Participei ainda da formação da Casa da Cultura da Rocinha, onde fazíamos reuniões na casa do Fábio Costa no início dos anos 90, participaram desse início eu, minha irmã Maricea, Carlos, Fábio, Harold, Jorge (ex-marido de Heloísa) Heloísa, e Ailton Rosa que nos apoiou com os eventos na rua como: concurso miss gay, miss Rocinha, a presença do grupo da Orunmilá da Bahia e a exibição de filmes na Via Ápia, show para os desabrigados da Rocinha. Participei ainda do elenco da primeira Via Sacra da Rocinha, onde o ator falecido Walter fez de Cristo, sob a direcção de Aurélio e produção de Fábio Costa e Marta Pereira.

Tenho orgulho de ter contribuído para o engrandecimento da Rocinha! Naquela altura éramos agentes comunitários voluntários, não tínhamos interesses políticos ou financeiro, queríamos o melhor para Rocinha.
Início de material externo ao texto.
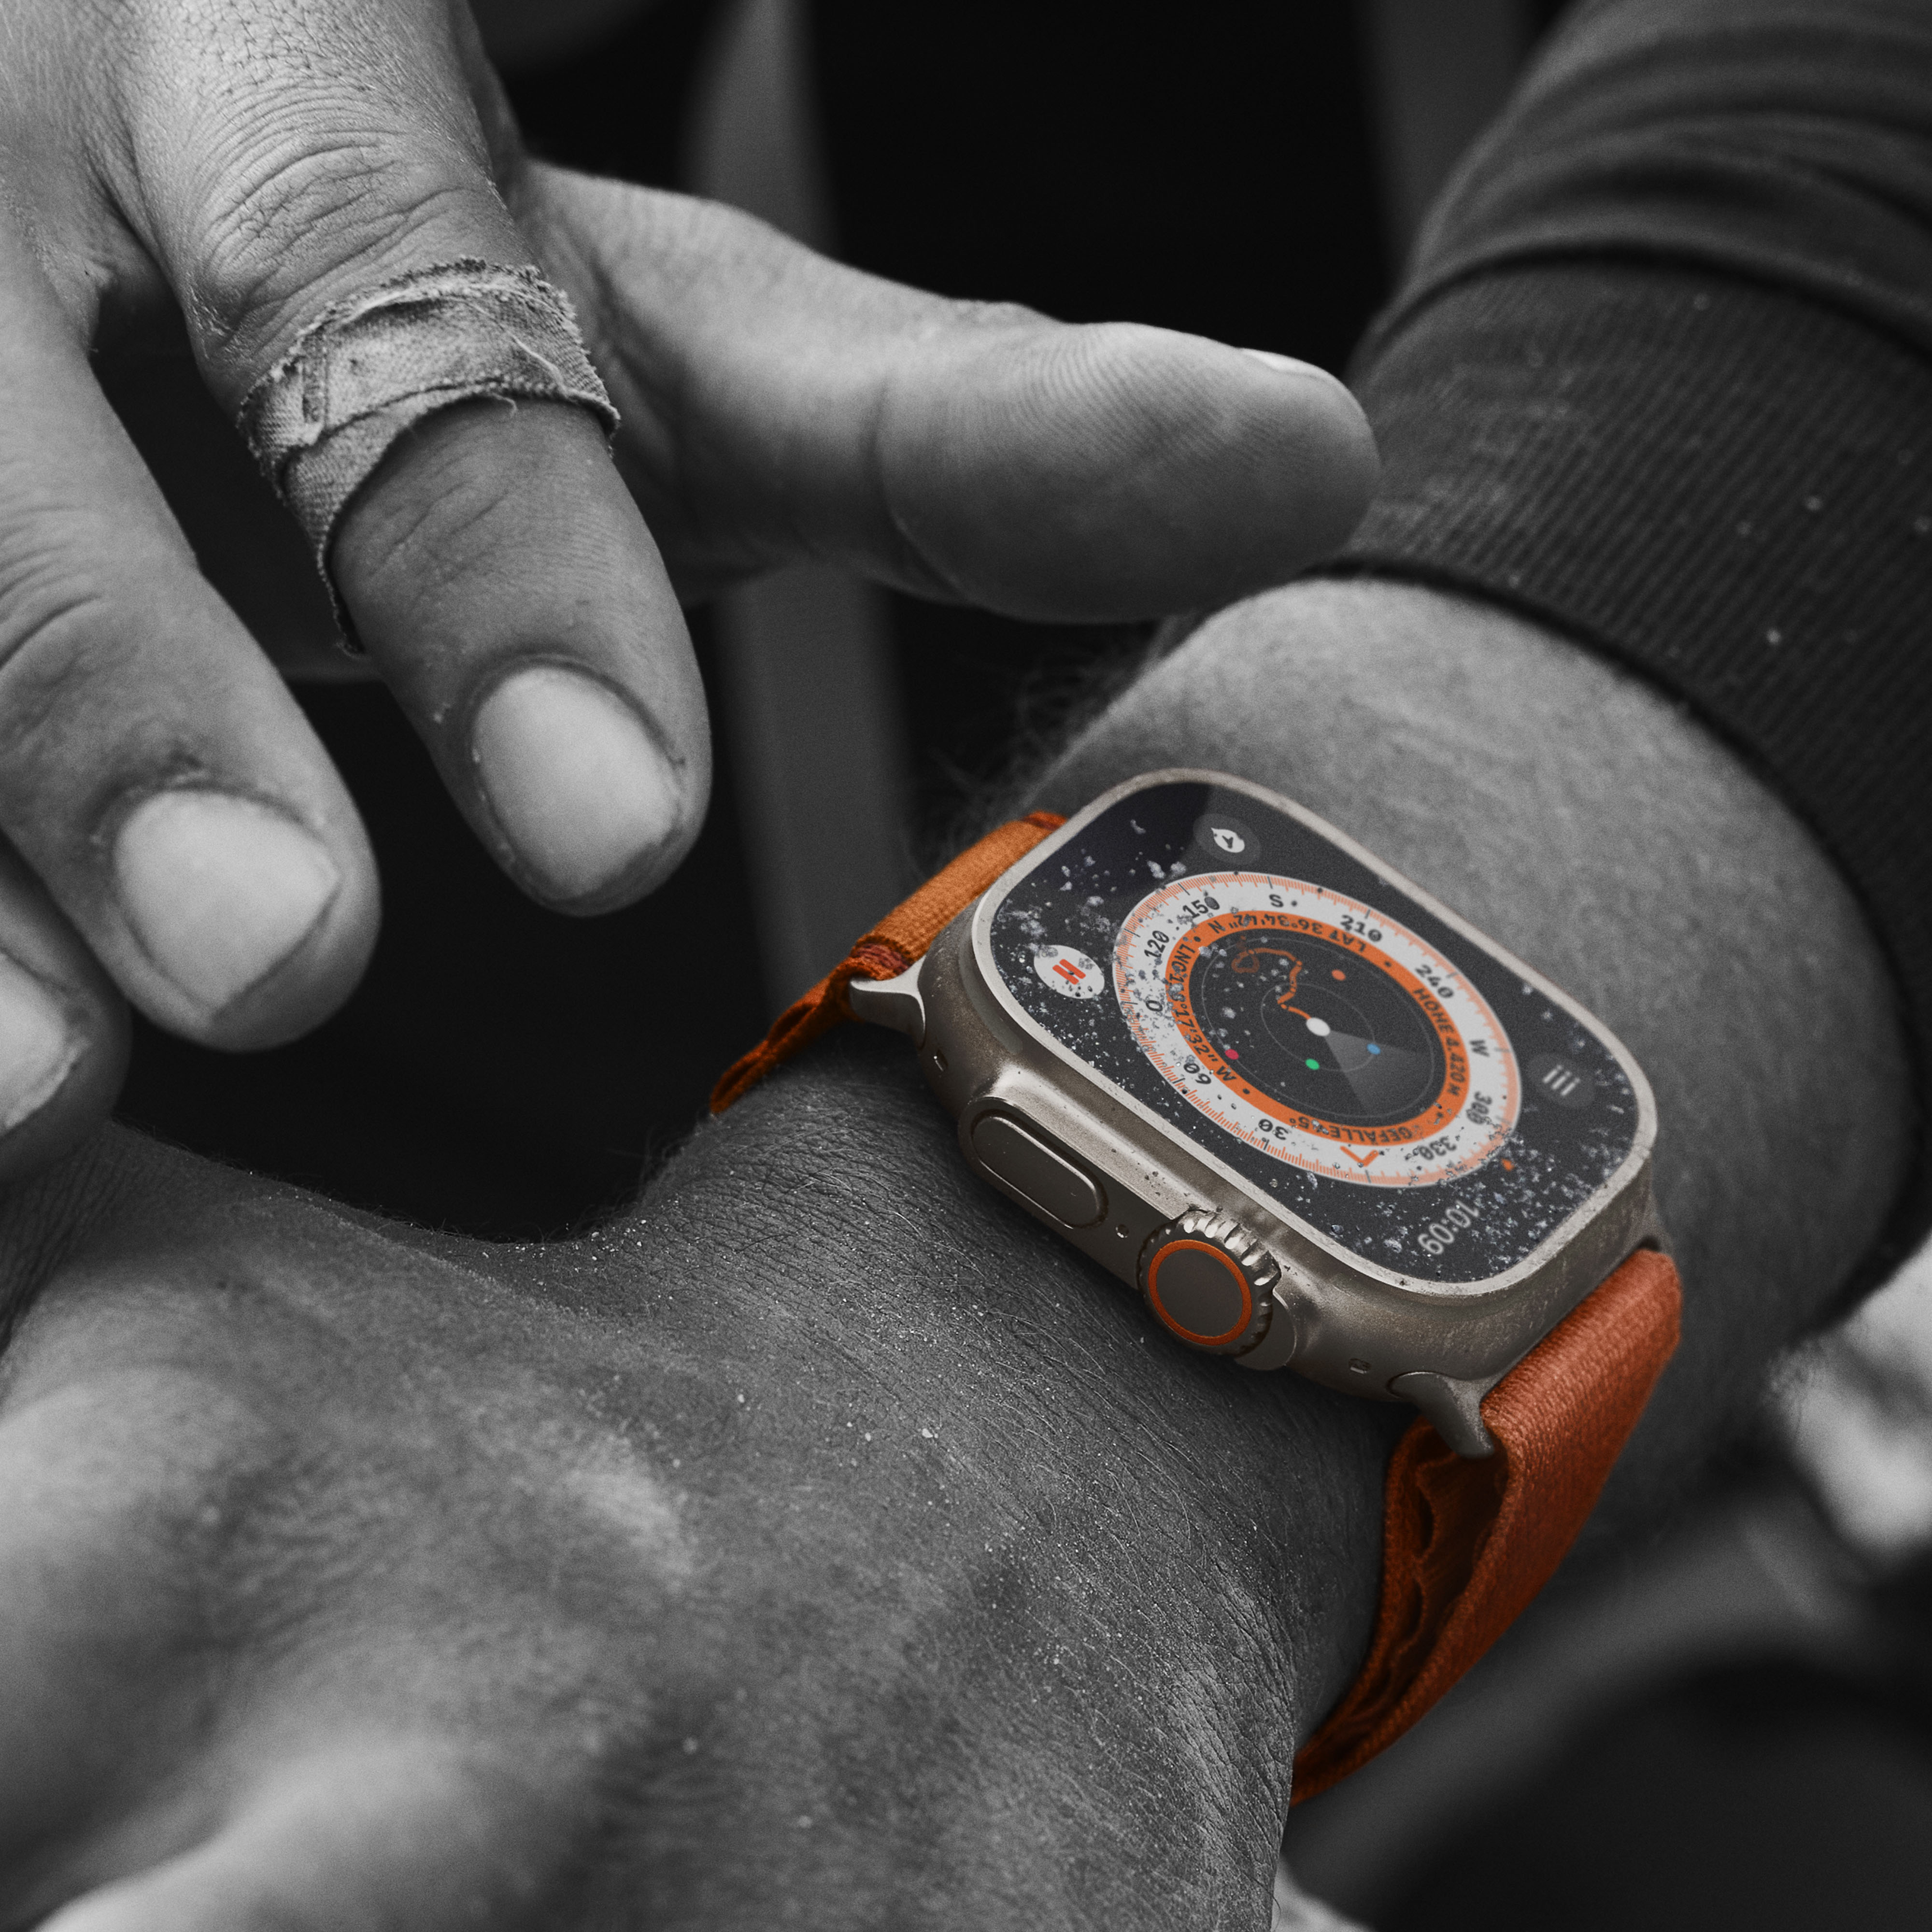 Watch Smartwatch Gewebe, - MEDIUM Orange 145 Titan mm, 49 190 W TIT Ultra GPS+CEL APPLE

Como diz meu amigo Harold Avlis, nós éramos agente comunitário - éramos gente que fazíamos, não liderávamos nada, por isso nunca me considerei líder.

Participei do grupo Resistência Pré Vestibular Para Negros e Carentes da Rocinha que começou na Igreja Metodista e depois foi para o Ciep Airton Sena, onde depois de aluna passei a ajudar na coordenação, passei no vestibular e cursei na PUCRio – Serviço Social, hoje com Mestrado feito em Lisboa.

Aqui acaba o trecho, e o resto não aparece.